Finally, the two statistical approaches were compared. All analyses were done in R version 3.2.2 ( and PAST3 (


Environmental records

Sea level

Sea level variation was ±0.5 m for all the experimental periods, except one day in May 2014 when a single 1-m variation occurred (Fig. 2a). This indicates that storms have an additional effect on sea level in the bay beyond the tidal influence (

Fig. 2
figure 2

Daily averaged time series of the measured environmental variables by month. a Sea level (cm); b Temperature (°C); c Salinity (PSU); d Light conditions (log_µmol m−2 s−1); e [Chl-a] (log_µg L−1); f Turbidity (log_FTU). Calendar years and months are indicated along horizontal axis (14 = year 2014, and 15 = year 2015). Some sensors were fouled prior to lander retrieval in May 2014


The daily average water temperature in Sanden Bay over the deployment period was 2.4–10.1 °C (Fig. 2b). In both 2014 and 2015, August was the warmest month with an average monthly temperature of 9.0 °C. In 2014, the coldest month was March with an average temperature of 3.7 °C, while in 2015 the coldest month was February with an average temperature of 3.3 °C. There were, however, individual measurements with recorded temperatures <1.6 °C in the first half of February 2015 and >10 °C in August 2014 and 2015. The lowest individual temperature record of 0.8 °C was recorded on February 3, 2015, and the maximum temperature of 10.3 °C occurred on August 9, 2014 and August 27, 2015.
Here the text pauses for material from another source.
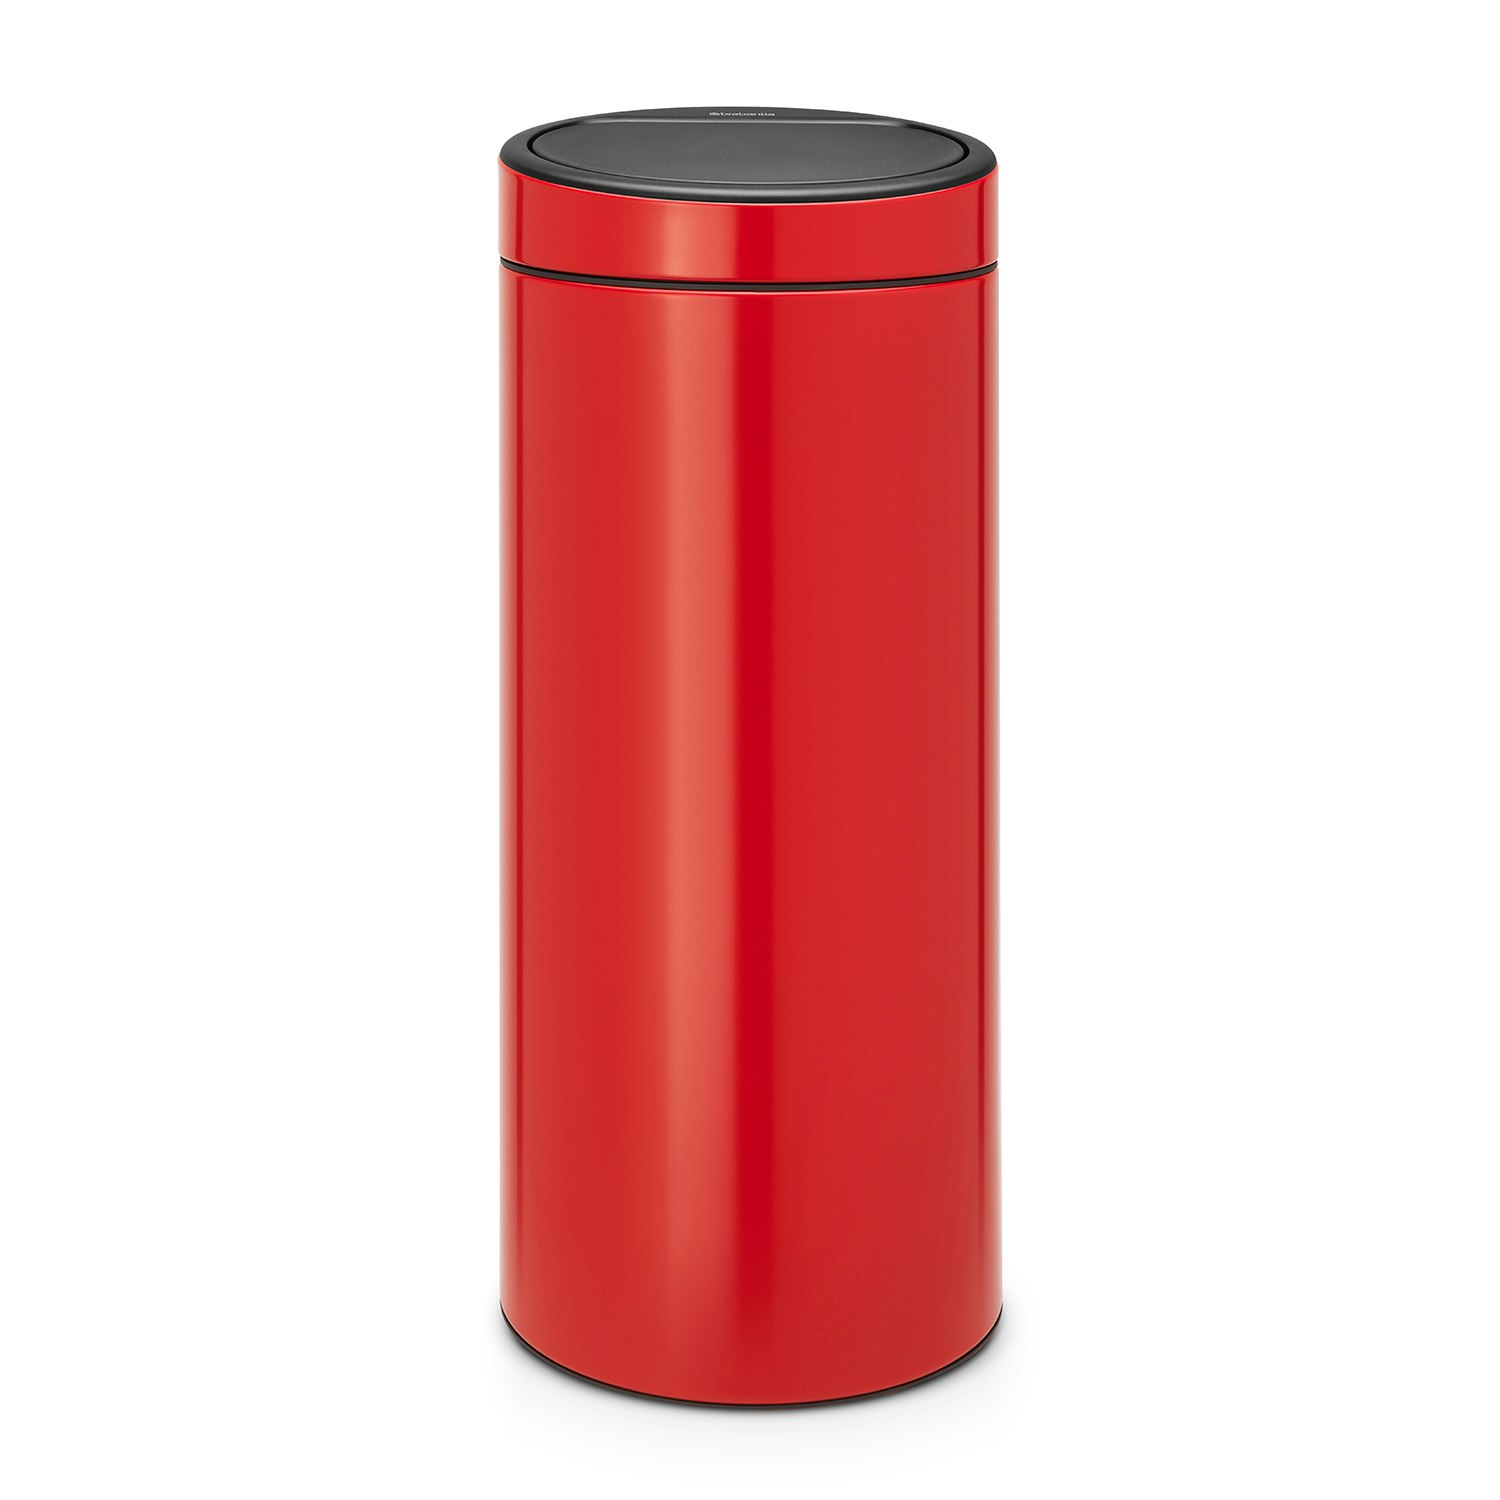 red garbage bin

The daily average salinity range was 30.8–34.4 (Fig. 2c). The minimum average daily value (30.8) was observed on February 10, 2015. However, there were occasional values <30 between January 28 and February 16, 2015. A large, sustained decrease in salinity occurred in both summers following the spring melt. In the summer of 2015, salinity decreased from 33.4 on June 21 to 32.3 on September 21 (Fig. 2c). We observed not only a seasonal change in salinity but also a gradual decrease over the entire experimental period.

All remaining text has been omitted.